Roofing across the neighborhoods of Mt Pleasant.

Mount Pleasant is not one neighborhood; it's ten or twelve, each with its own architectural vocabulary, HOA process, and climate exposure. We work the whole town and we know what each block requires.

No. 01

Old Village

Old Village is Mount Pleasant's pre-1960 historic core — deep porches, painted brick, board-and-batten Lowcountry vernaculars, and a tight grid of streets under live-oak canopies. Roof work here usually means navigating design review for any visible material change, matching profiles and colors carefully, and respecting the architectural vocabulary that draws people to the neighborhood in the first place.
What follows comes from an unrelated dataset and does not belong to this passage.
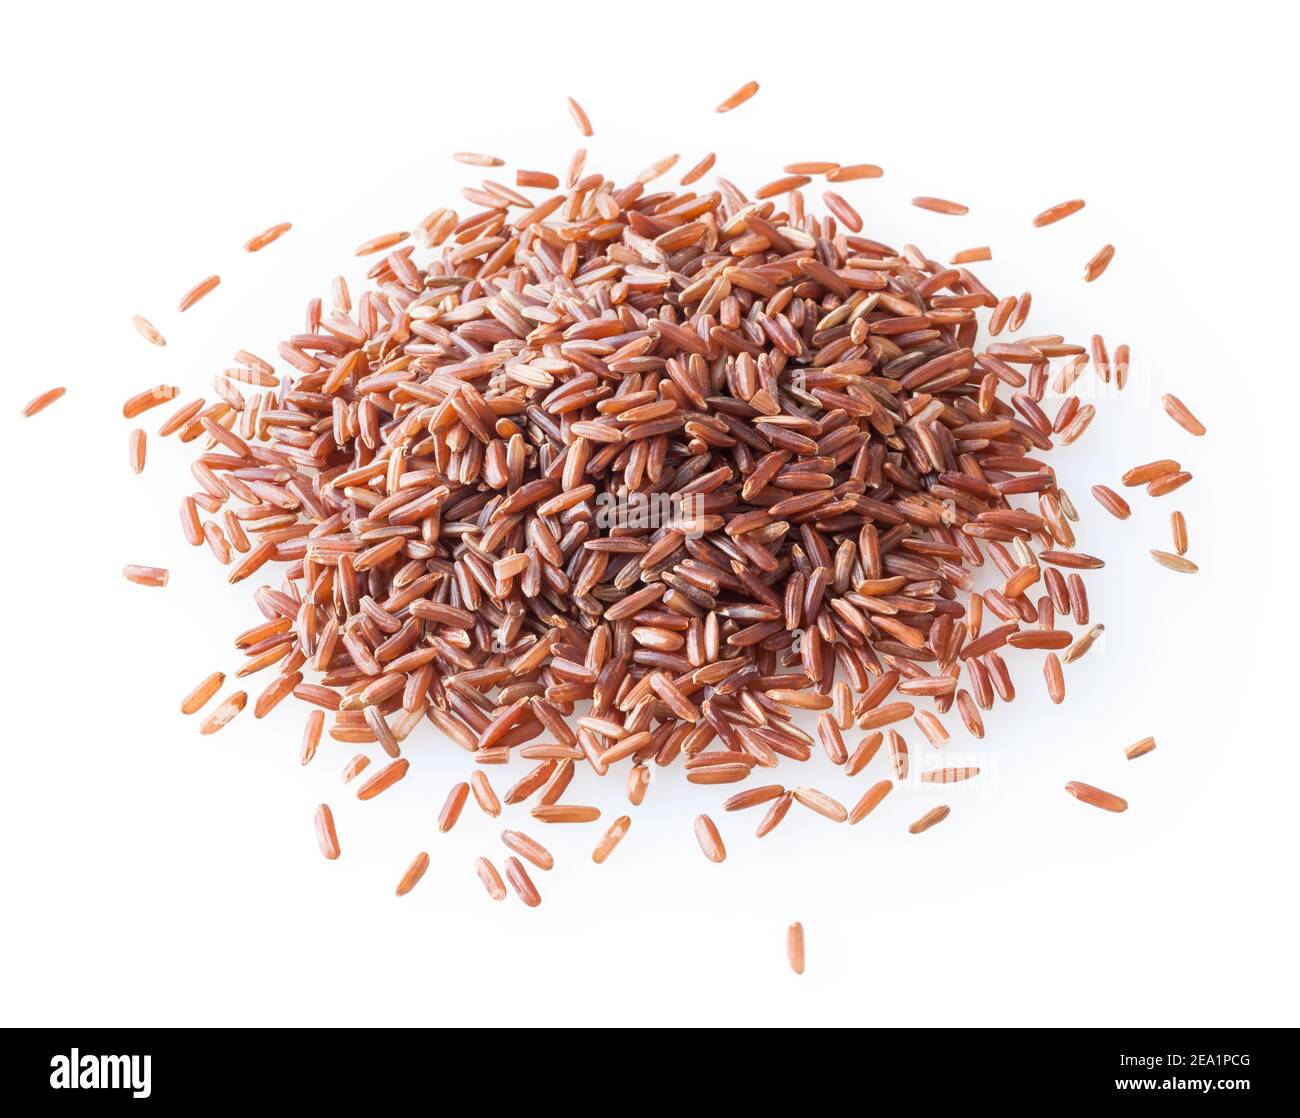 La voie du rêve: Une poignée de grains de riz
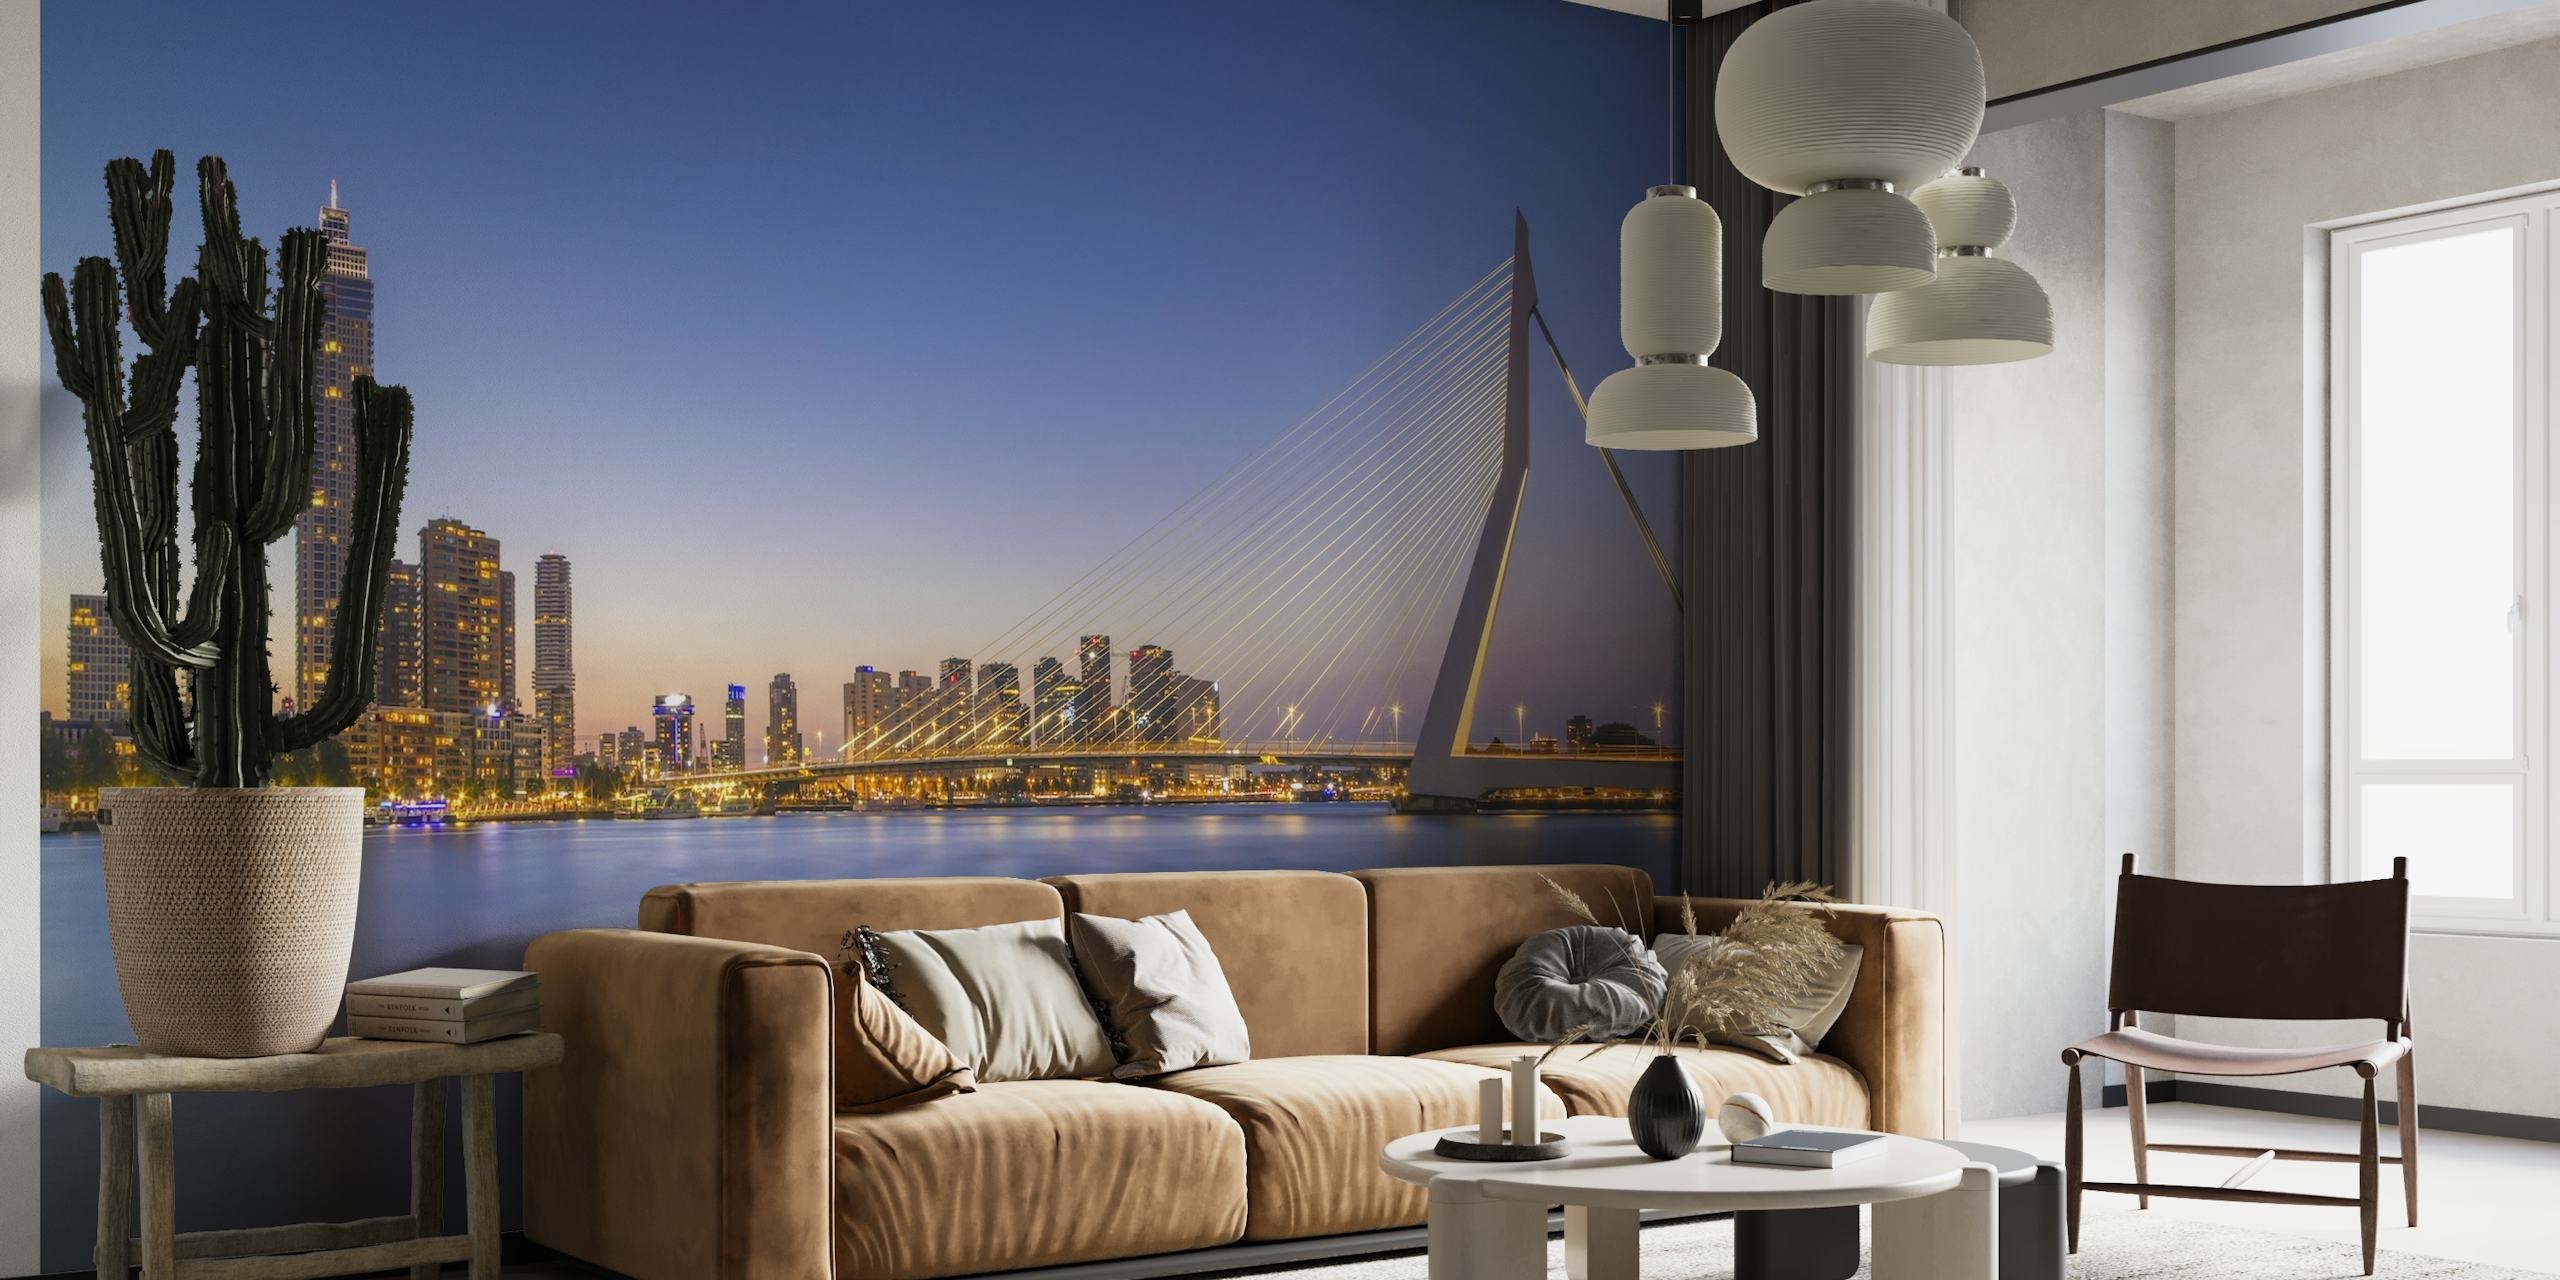 Fototapeta przedstawiająca Most Erazma i panoramę Rotterdamu o zmierzchu z odblaskowymi wodami

We've prepared submittal packages for Old Village review and we know what the committee wants to see.

No. 02

I'On

I'On is a New-Urbanism community of architect-detailed homes laid out on a walkable grid with strict aesthetic guidelines. Roof choices here are constrained by an active architectural review board with a pattern book worth taking seriously. Most of our work in I'On is high-end architectural asphalt or selective standing-seam metal, with attention to color and panel profile that reads correctly against the rest of the home.

No. 03

Brickyard Plantation

Brickyard Plantation sits along the Wando with deepwater lots and a heavy presence of architecturally significant homes. Salt air does not negotiate. We see more standing-seam metal, more copper detail work, and more attention to flashing performance here than almost anywhere else in town. Most Brickyard projects involve conversations with the homeowner's architect or designer before any panel goes on.

No. 04

Park West

Park West is one of Mount Pleasant's largest master-planned communities, with a mix of traditional Lowcountry, neo-traditional, and recent modern facades. The scale of the community means a steady cadence of work — replacements timed to the 20-25 year arc on the older sections, repairs and storm response across the newer ones. We work the entire community without preferring one section.

No. 05

Carolina Park

Carolina Park is one of the newer Mt Pleasant communities — pattern-book builds with low-country vernacular details and HOA-managed architectural review. Most homes are still in the early arc of their first roof, which means our work here skews to inspections, repairs, and selective standing-seam metal upgrades on the architecturally significant builds.

No. 06

Belle Hall

Belle Hall is the established neighborhood near the Wando Bridge — marshfront lots, a mix of 1990s construction and more recent rebuilds, and homeowners who tend to plan around long ownership horizons. Roof work here is often the first major capital project on a 20-year house, and we approach it as a chance to specify materials that will outlive the next two owners.

No. 07

Hobcaw

Hobcaw is a quiet waterfront enclave off Hobcaw Creek with some of the oldest Lowcountry homes in Mount Pleasant. Many of the projects here are design-led renovations where the roof is one component of a larger architectural plan. We coordinate with the homeowner's architect, photograph existing conditions thoroughly, and specify materials — usually metal, often with copper details — that respect the original house.

No. 08

Snee Farm

Snee Farm is Mt Pleasant's beloved golf-course community, established enough that we see a steady cadence of generational re-roofs. The homes are solid, the lots are mature, and the homeowners tend to be repeat clients across multiple decades. Most of our Snee Farm work is straightforward replacement with thoughtful color and profile selection.

No. 09

Dunes West

Dunes West is the gated community along the Wando with large custom homes, marshfront views, and architecturally-reviewed rooflines. The combination of waterfront exposure and review-board approval makes Dunes West one of our more involved project environments. Standing-seam metal is common, copper accent work is common, and detailed pre-construction submittals are standard.

No. 10

Downtown Mt Pleasant Historic District

The downtown historic district along Coleman Boulevard and the surrounding blocks holds Mt Pleasant's original commercial buildings, cottages, and bungalows. Material decisions here run through historic review, and we approach every project with that constraint baked into the conversation from the first call. Many of these homes are smaller in scale but require disproportionate care in detail.

No. 05East of the Cooper

Surrounding coastal towns.

Beyond Mt Pleasant proper we work the barrier islands, Daniel Island, and the rural coastal corridor north toward McClellanville. Each city page covers what we typically see there — building stock, permit process, salt-air considerations, and the questions homeowners ask.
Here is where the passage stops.